How to complete this task: Copy out precisely the lines of the material that follows, beginning with the line containing "385-alivio-baby-new-eng-16971016210911.png" and ending with its last line; exclude pictures.

Collected data:
################

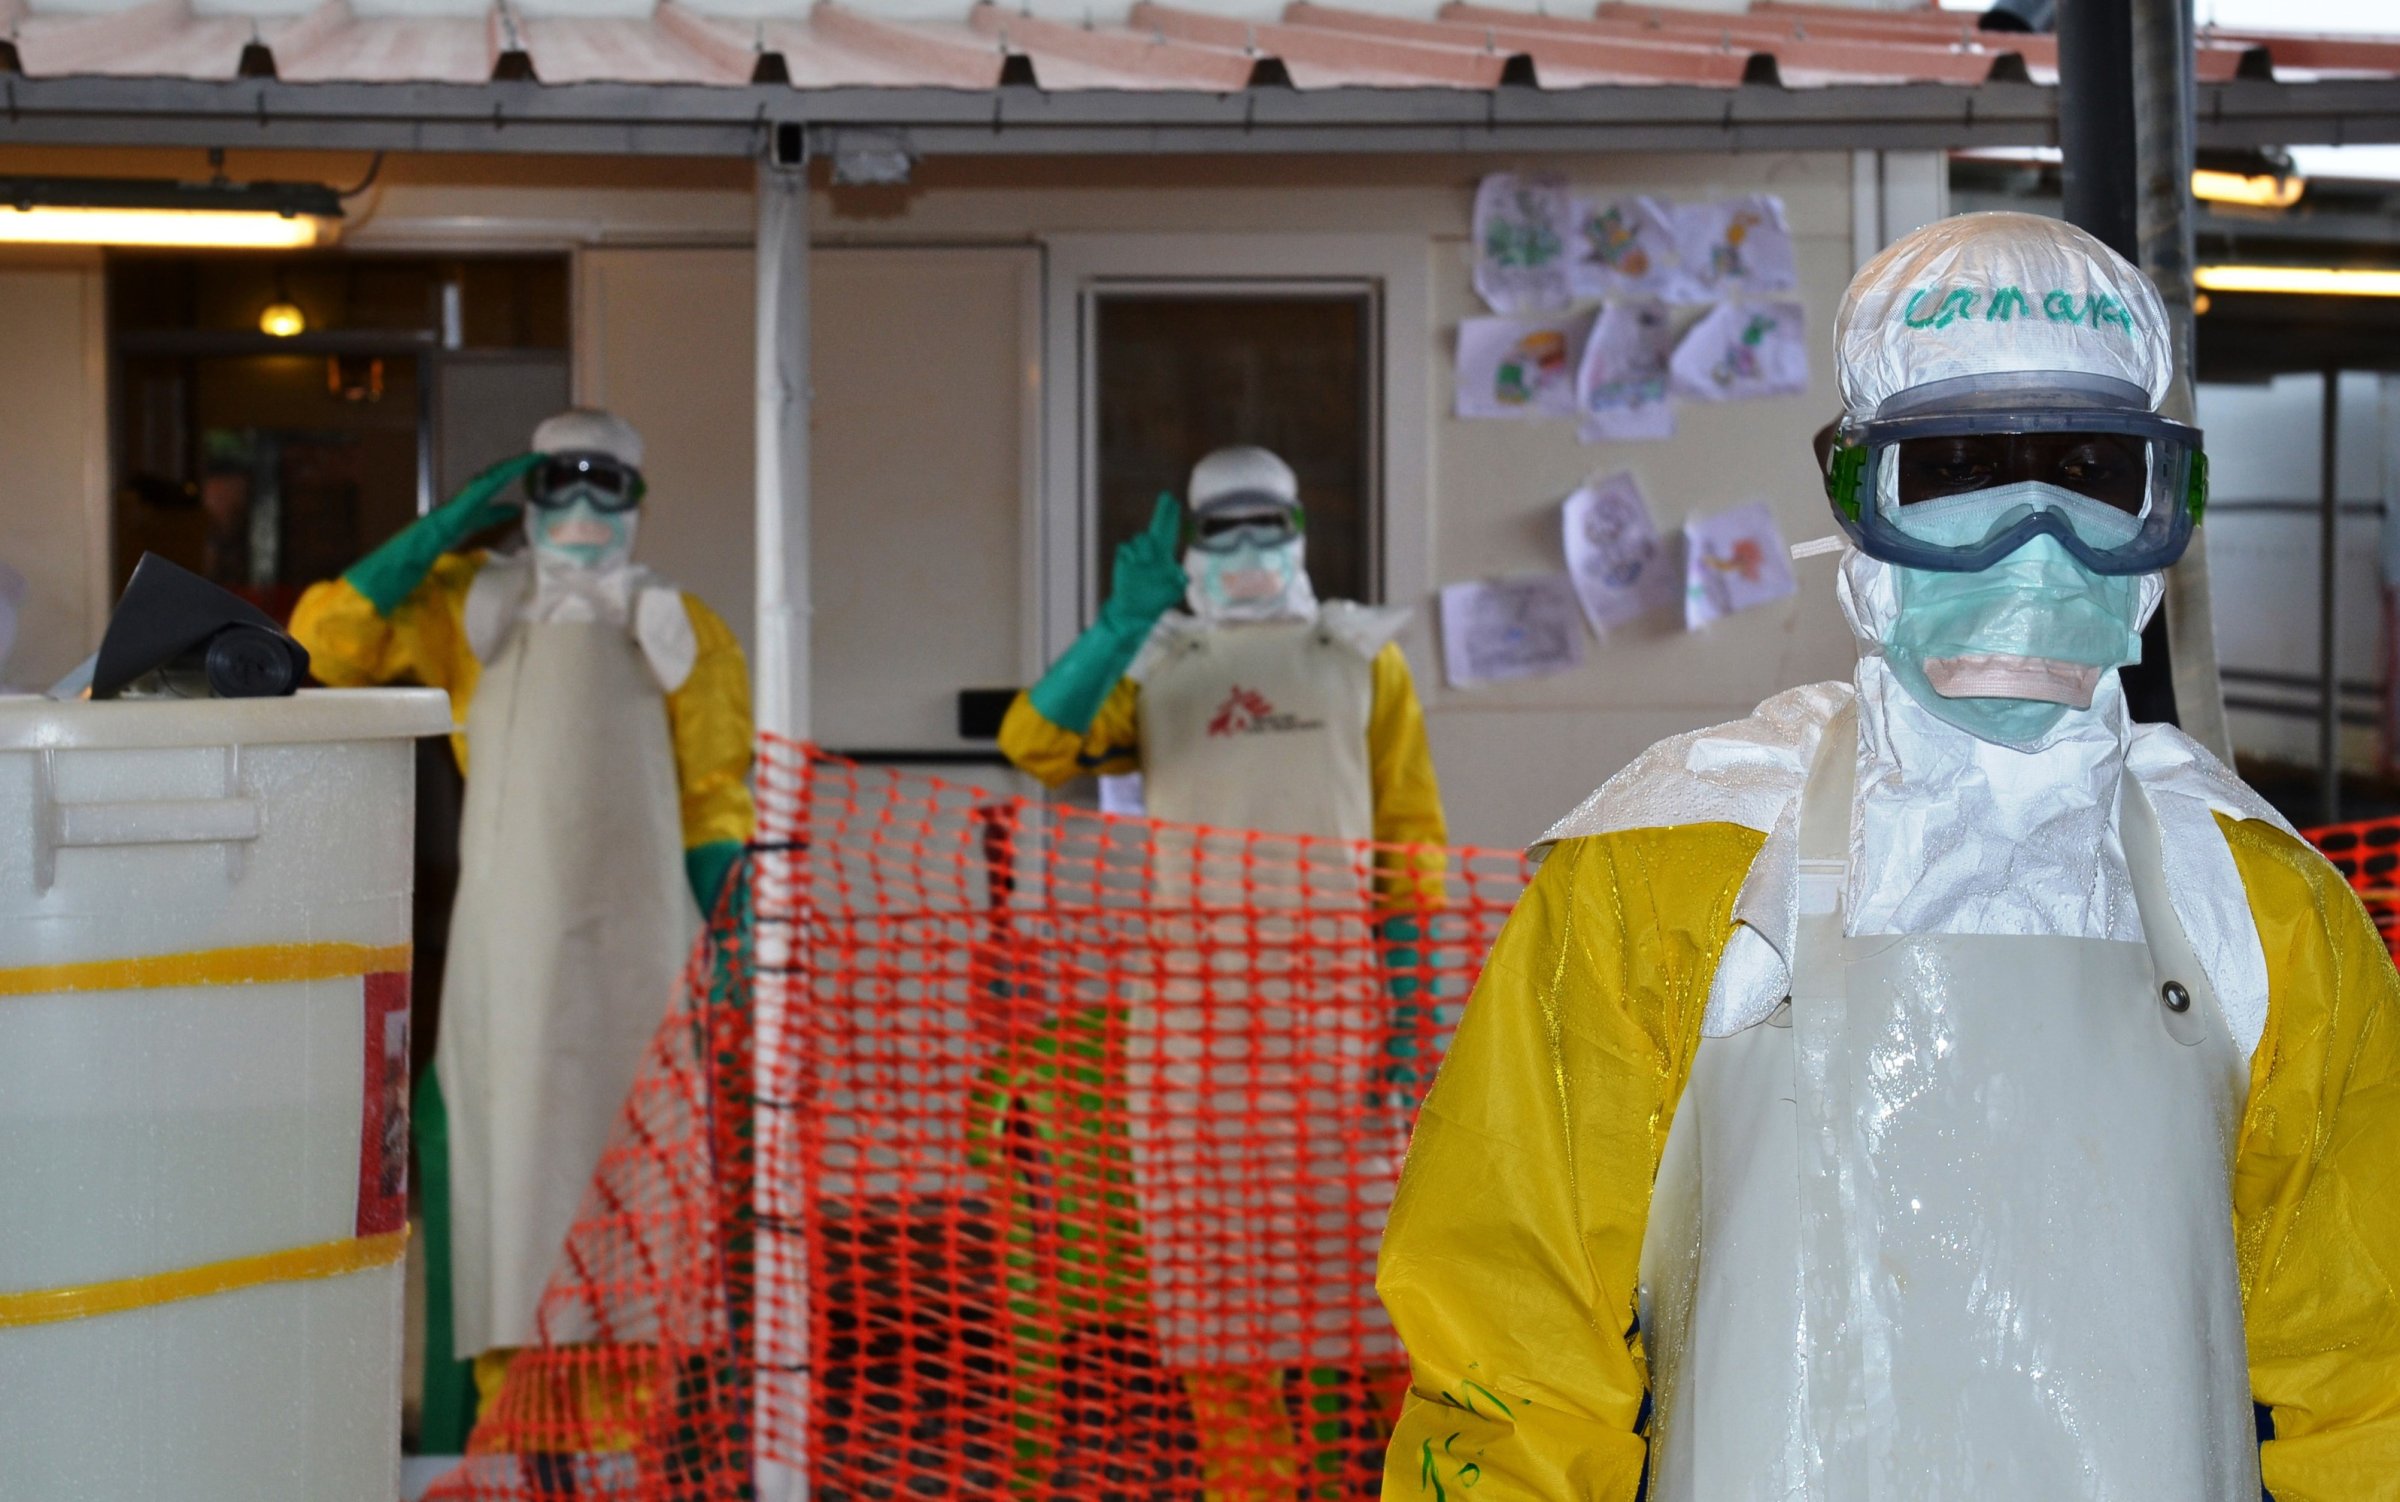 Health workers wearing protective gear gesture at the Nongo ebola treatment centre in Conakry, Guinea, on August 21, 2015.
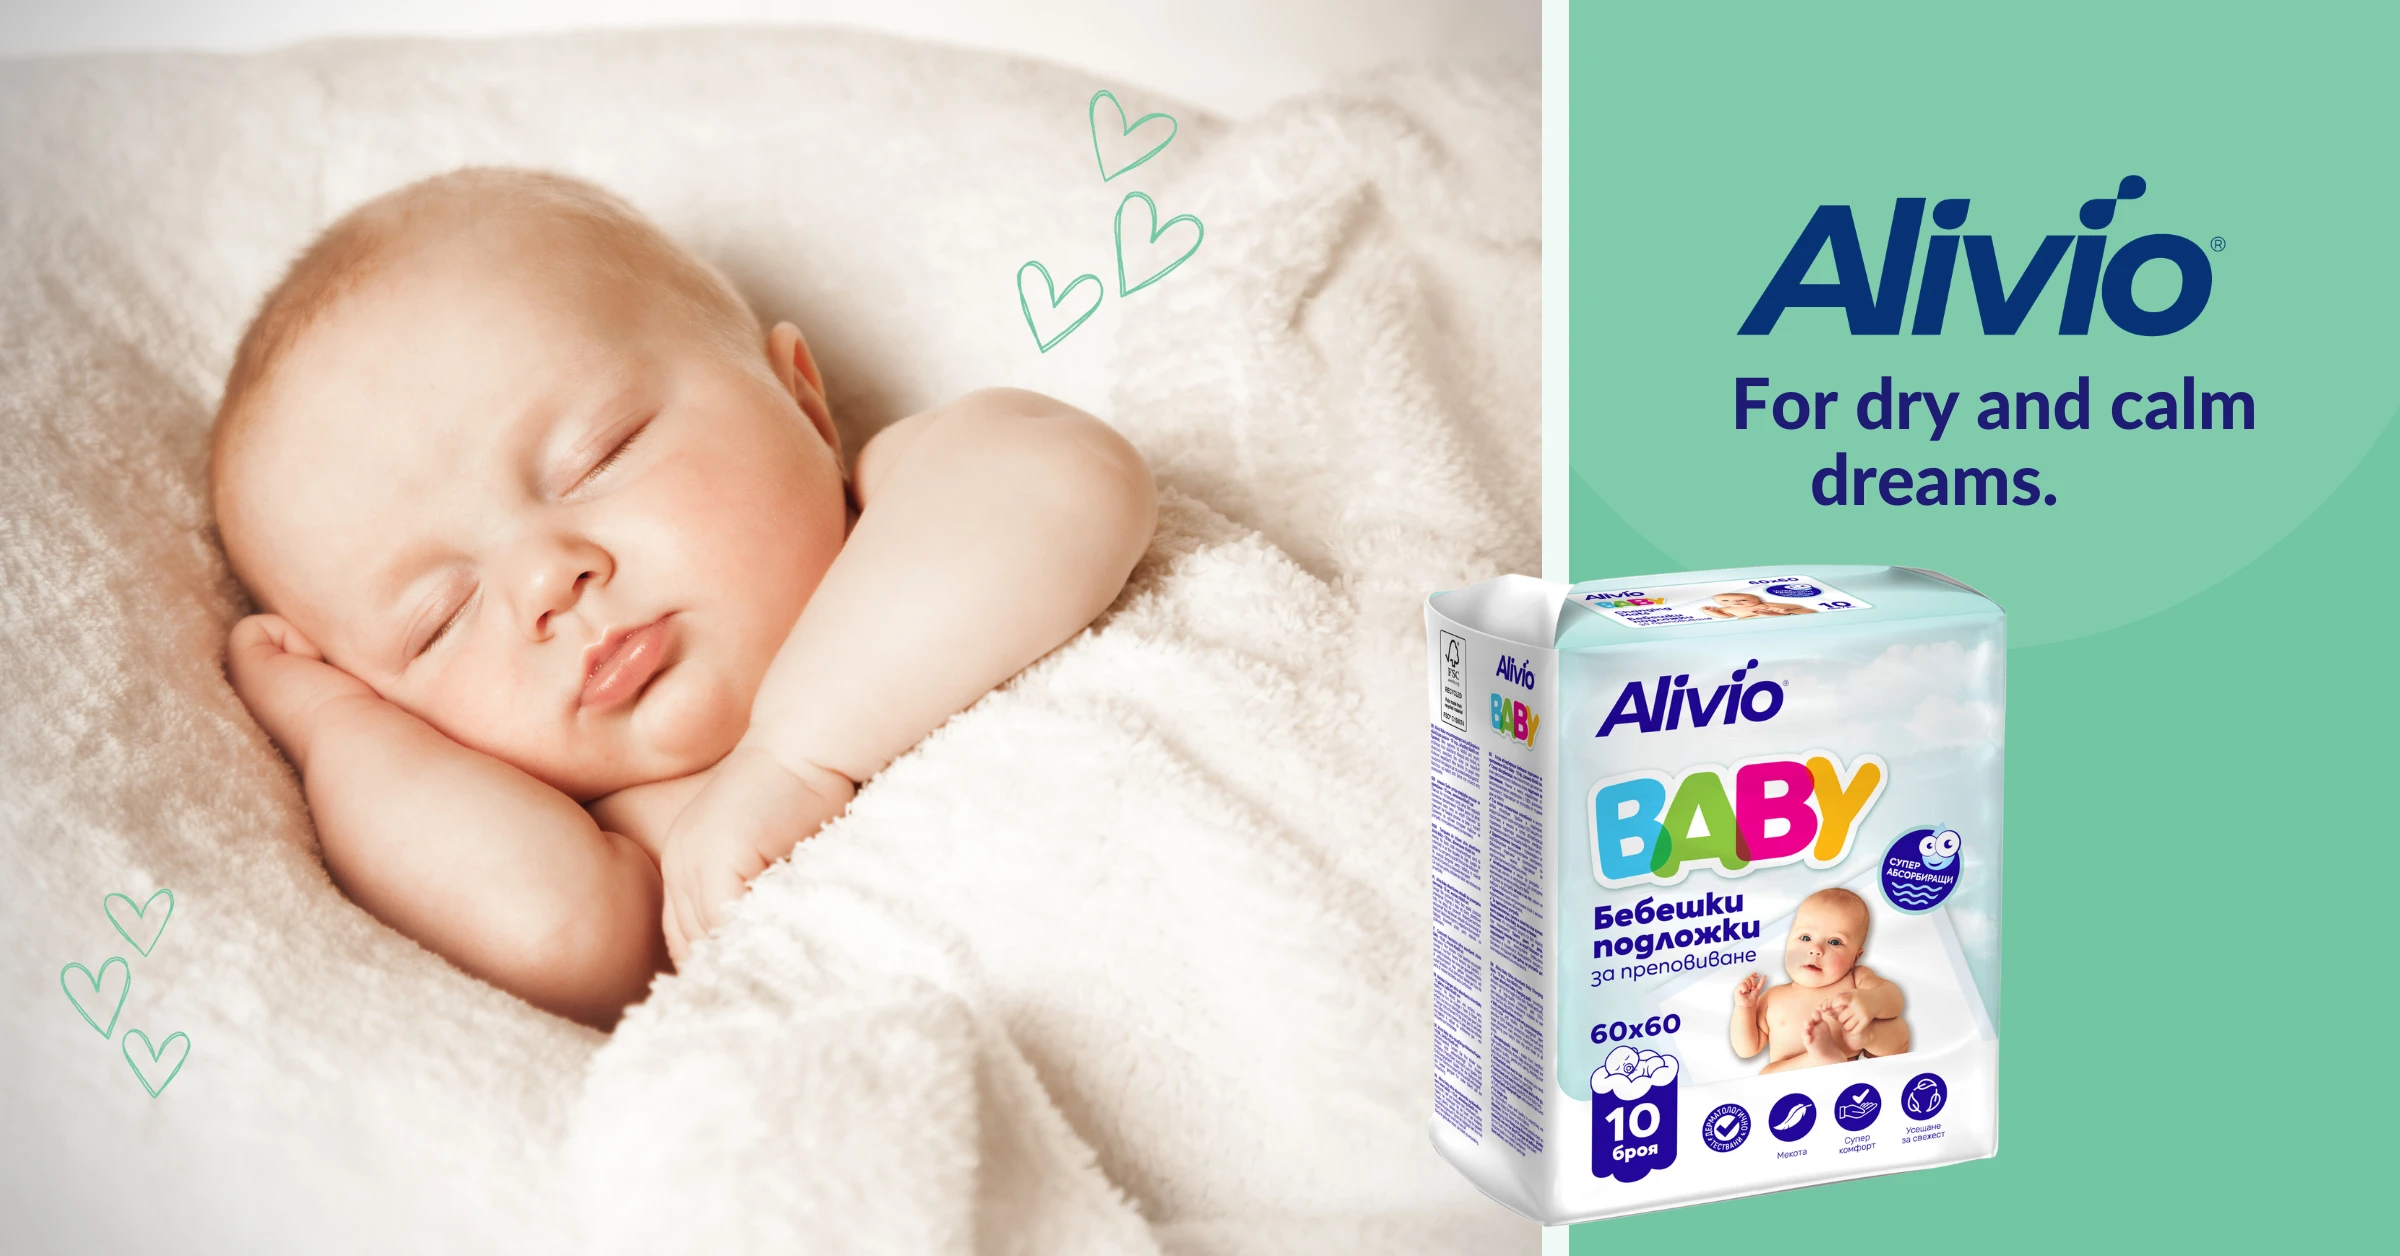 385-alivio-baby-new-eng-16971016210911.png
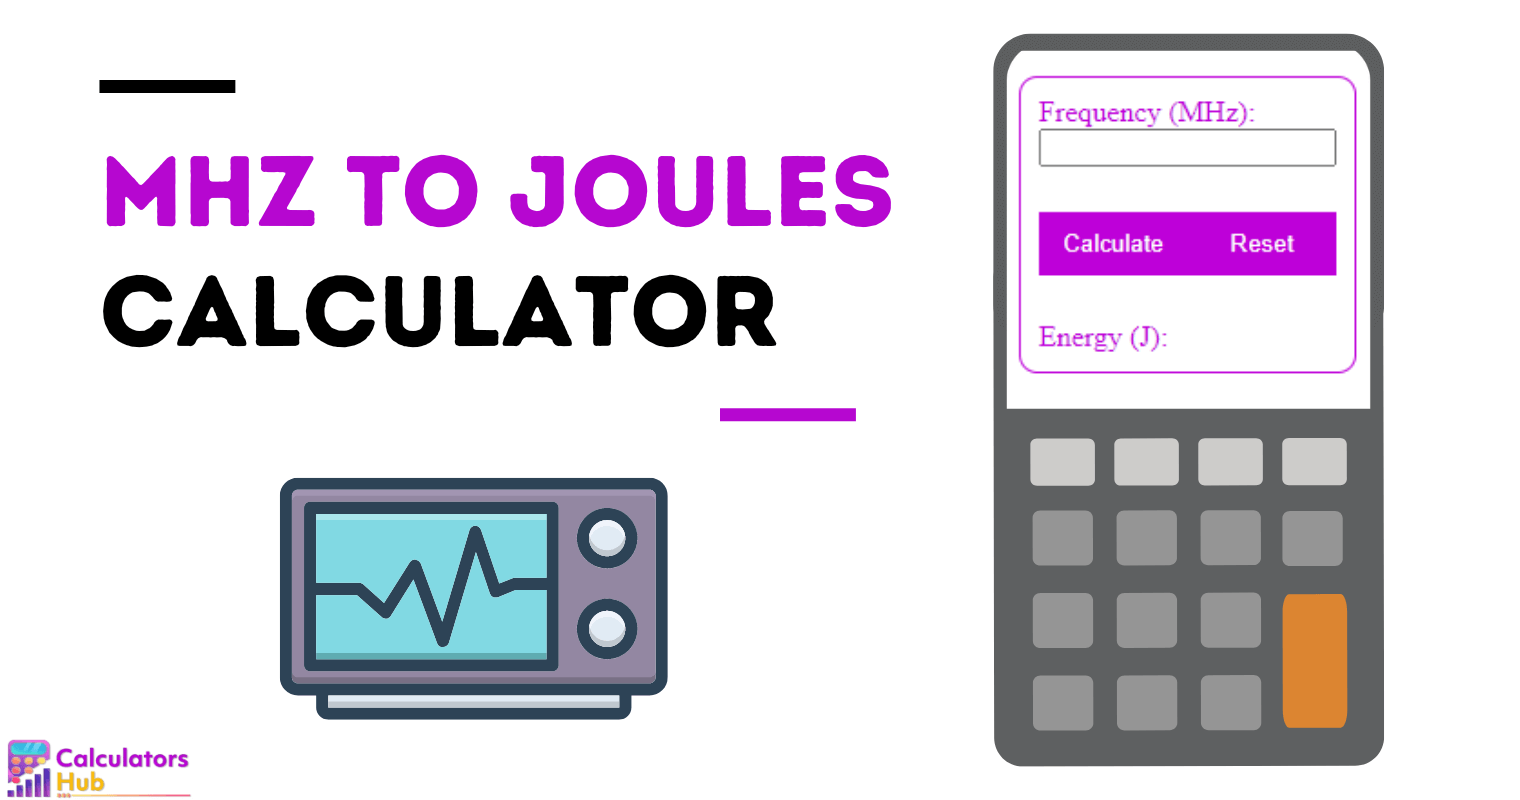 MHz to Joules Calculator

################

Output for this exercise:
 385-alivio-baby-new-eng-16971016210911.png
 MHz to Joules Calculator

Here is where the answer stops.